Hello all, It was about 4 weeks ago that I decided to wash,polish and wax the TT, ( plenty of washes since!) anyway, when would you guys recommend giving it another coat of polish? I'd like to do it once the weather gets a bit better but is it OK to polish so soon after waxing or does it not make any difference?

I probably wont wax the car for another 2 months or so

Cheers


----------



## Ikon66 (Sep 12, 2003)

most polishes are mildly abrasive so will strip the wax you have on the car, it's best to wax after a polish to protect the paint


----------



## YELLOW_TT (Feb 25, 2004)

I would only polish your TT about twice a year but wax every month at least


----------



## kenjo (Jan 31, 2007)

Well Andy, if you are gonna polish his, you might as well do mine mate :lol: :lol:


----------



## arf1 (Nov 23, 2008)

Thats very kind of you Andy, let us know when your free to do it :lol: and kenjo, fancy doing the interior for me? :lol:

Thanks all


----------



## Paul S (Jul 20, 2008)

Is it a good bad idea to polish and wax the TT even if it has a bodycare treatment on it? The stealer told me that it shouldn't be waxed or polished for at least three years... is this true??!


----------



## J55TTC (Apr 25, 2005)

Paul S said:


> Is it a good bad idea to polish and wax the TT even if it has a bodycare treatment on it? The stealer told me that it shouldn't be waxed or polished for at least three years... is this true??!


Complete BS. The lifeshine products that would have been used will probably not last 3 months let alone 3 years!


----------



## TeeTees (Mar 9, 2006)

arf1 said:


> Hello all, It was about 4 weeks ago that I decided to wash,polish and wax the TT, ( plenty of washes since!) anyway, when would you guys recommend giving it another coat of polish? I'd like to do it once the weather gets a bit better but is it OK to polish so soon after waxing or does it not make any difference?
> 
> I probably wont wax the car for another 2 months or so
> 
> Cheers


I polish mine quite regularly, but mainly when I find any swirl marks or marring on the paintwork.

Just make sure that you ALWAYS wax after polishing.
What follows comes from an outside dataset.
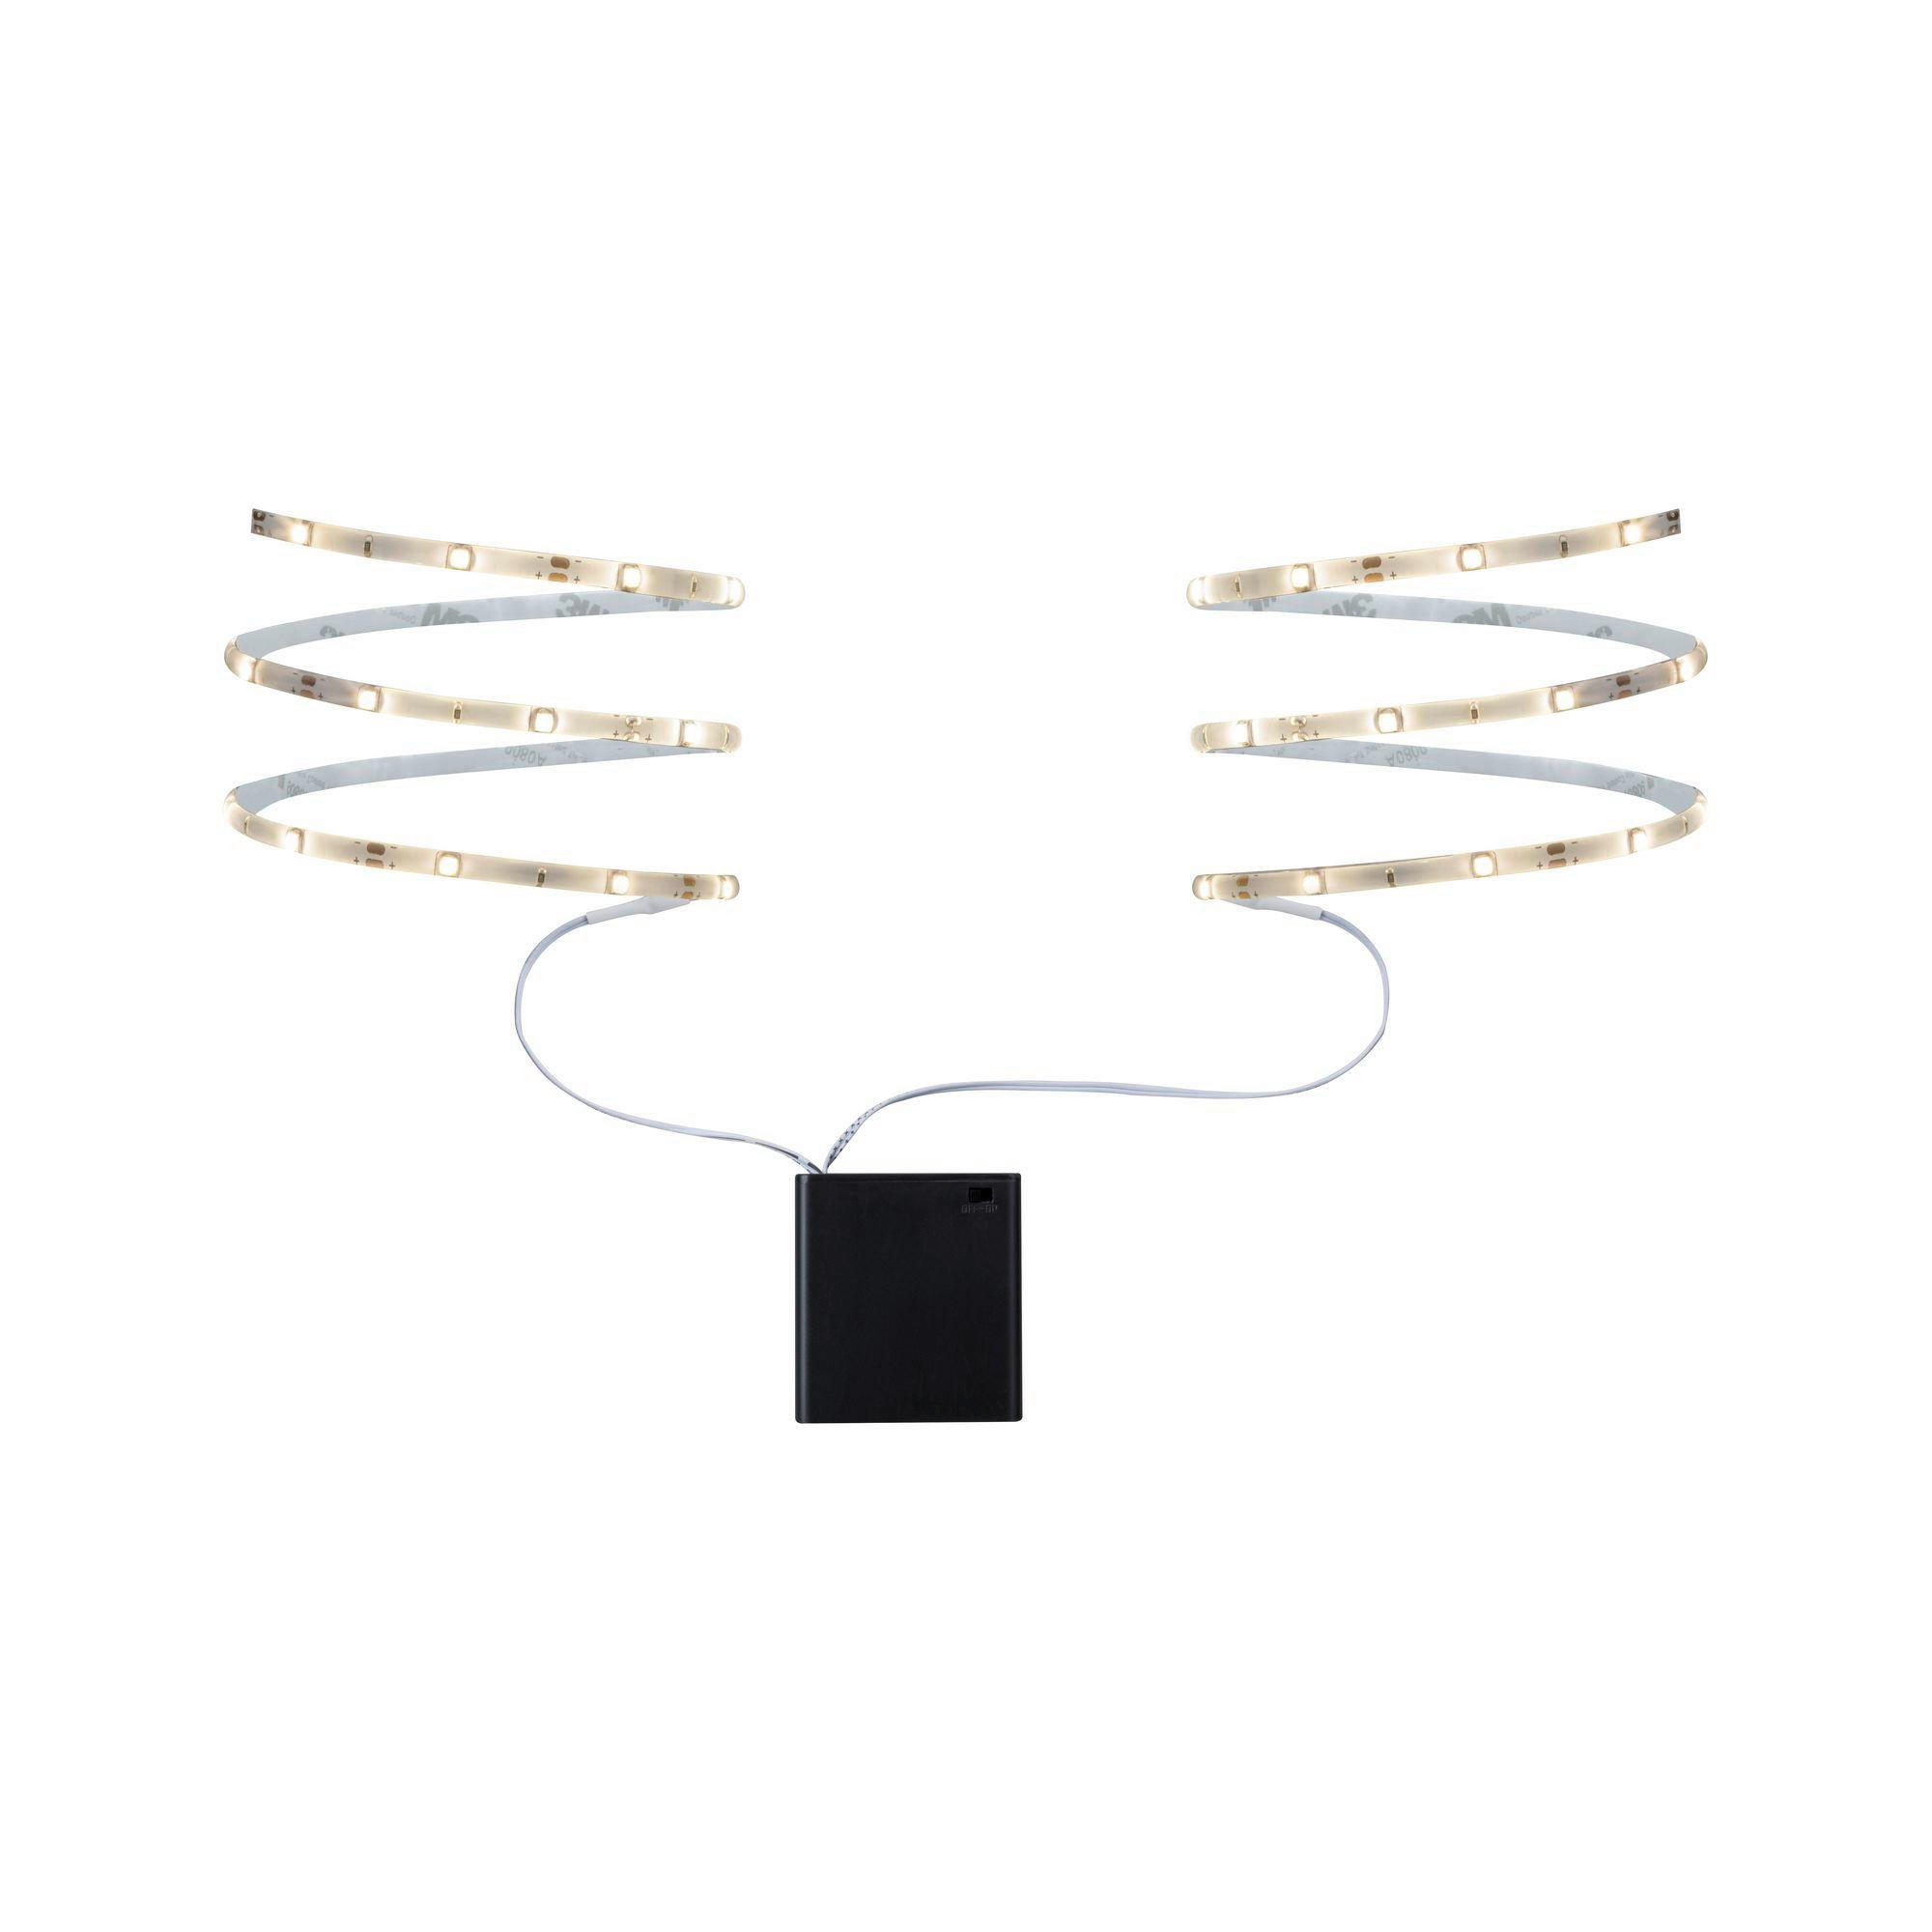 LED-STRIP 2x 80,0 cm  - Weiß, Basics, Kunststoff/Metall (2x 80,0cm) - Paulmann
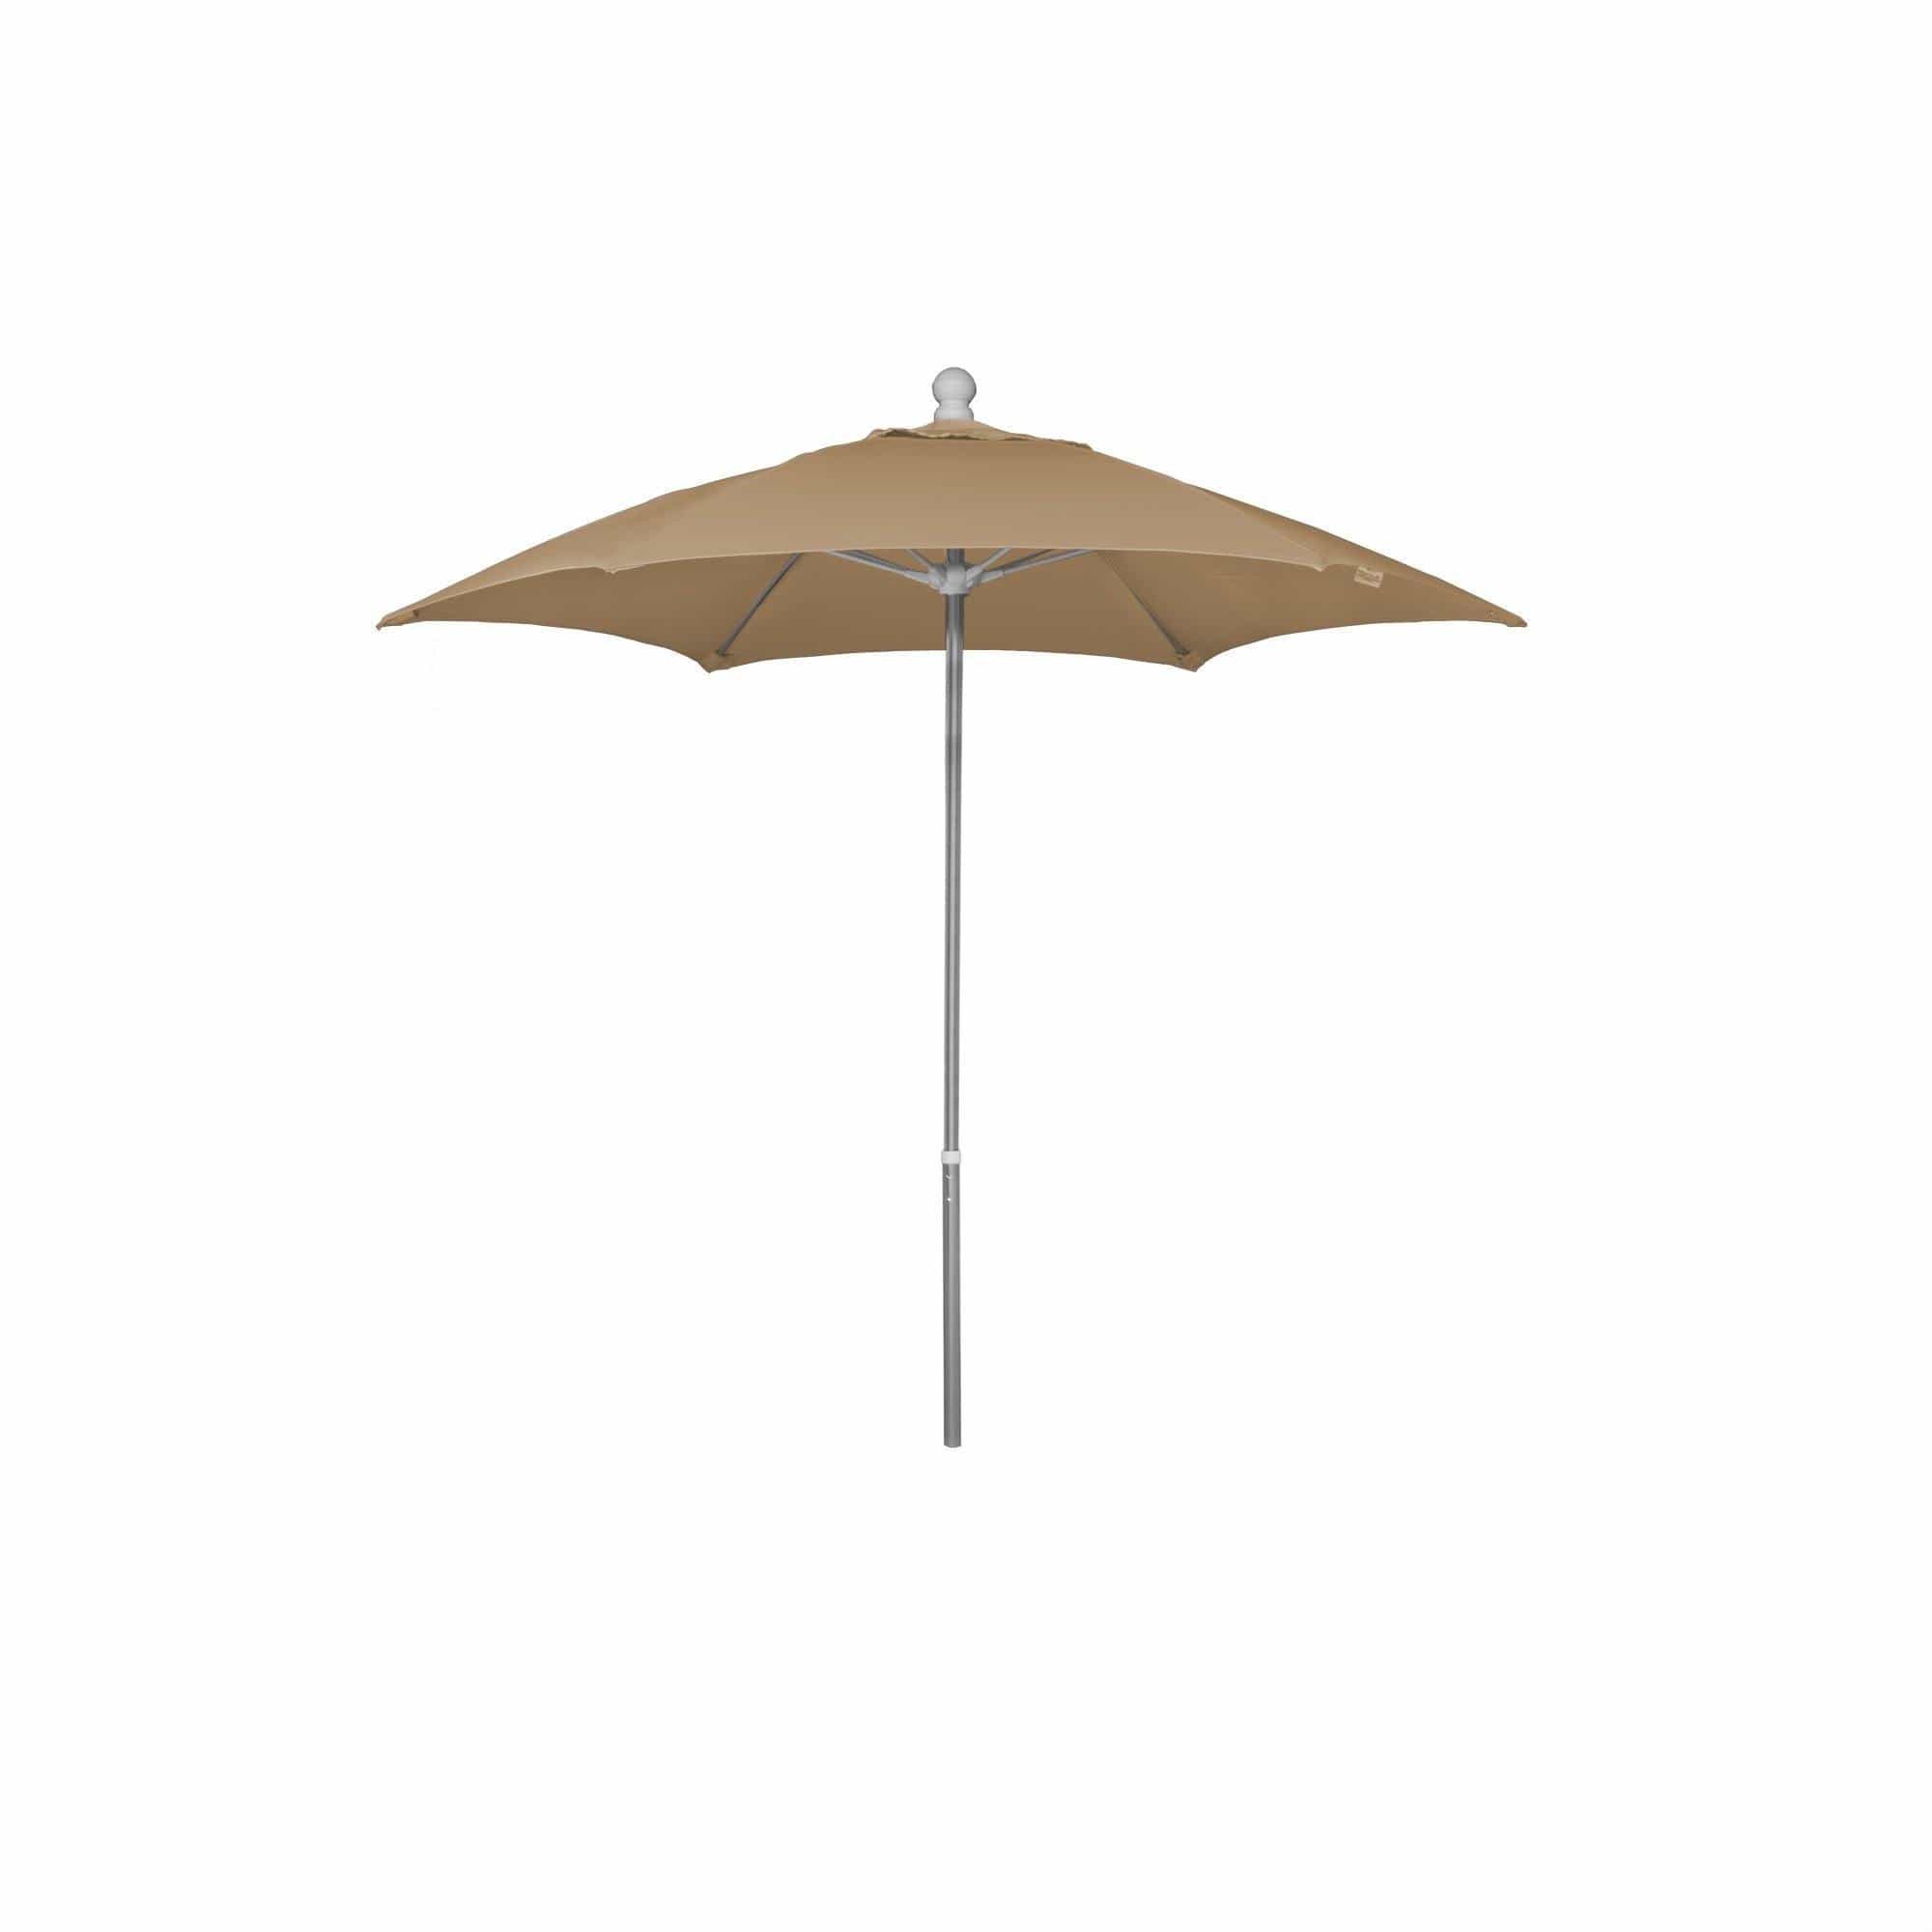 Fiberbuilt Table Umbrellas Beige 7.5' Hex Terrace Umbrella 6 Rib Push Up Bright Aluminum  Solution Dyed Acrylic Canopy

Protect yer paint :wink:


----------



## Paul S (Jul 20, 2008)

thanks for your replies guys. Very helpful. I have some Autoglym products ('super resin polish' and 'ultra deep shine')... are these any good? I am presuming that either of these can be used as a polish, and also that I need to get hold of some good wax. If so, any tips on which one to buy?


----------



## TeeTees (Mar 9, 2006)

Paul S said:


> thanks for your replies guys. Very helpful. I have some Autoglym products ('super resin polish' and 'ultra deep shine')... are these any good? I am presuming that either of these can be used as a polish, and also that I need to get hold of some good wax. If so, any tips on which one to buy?


Quite a few people on the detailing sites still use Autoglym srp, but personally I gave up on it years ago as the texture was too powdery and fill in any stone chips with a white residue, plus it didn't give any depth to my paintwork. Not sure on ultra deep shine, have a read off the bottle and see when it says about applying - might be AFTER the use of another polish.

Wax : personally I use, and like Swissvax. I stepped in on the lowest rung of the ladder to try it out first and opted for Swissvax Onyx (£40). I bought it about 1 1/4 years ago, and I still have more than half a tub left. So although the price may seem steep to some people, it pays off in the end. If you can afford more, buy a better Swissvax wax as it'll last longer on the paint, so you won't have to apply it as often.

Other people like Dodo Juice (another wax). I haven't used this, but have heard many GOOD things about it.


----------



## Paul S (Jul 20, 2008)

thanks very much teetees. Based on your advice, I will start with the autoglym polish and have ordered some of the Onyx. Judging by the fancy website / label it can't be anything but awesome!! Thanks again bud.


----------



## matt225tt (Apr 4, 2008)

TeeTees said:


> Paul S said:
> 
> 
> > thanks for your replies guys. Very helpful. I have some Autoglym products ('super resin polish' and 'ultra deep shine')... are these any good? I am presuming that either of these can be used as a polish, and also that I need to get hold of some good wax. If so, any tips on which one to buy?
> ...


a big thumbs up for dodo juice here!
i use purle haze on my new performnce blue st, and it really is superb stuff, it comes off the panel so easily.


----------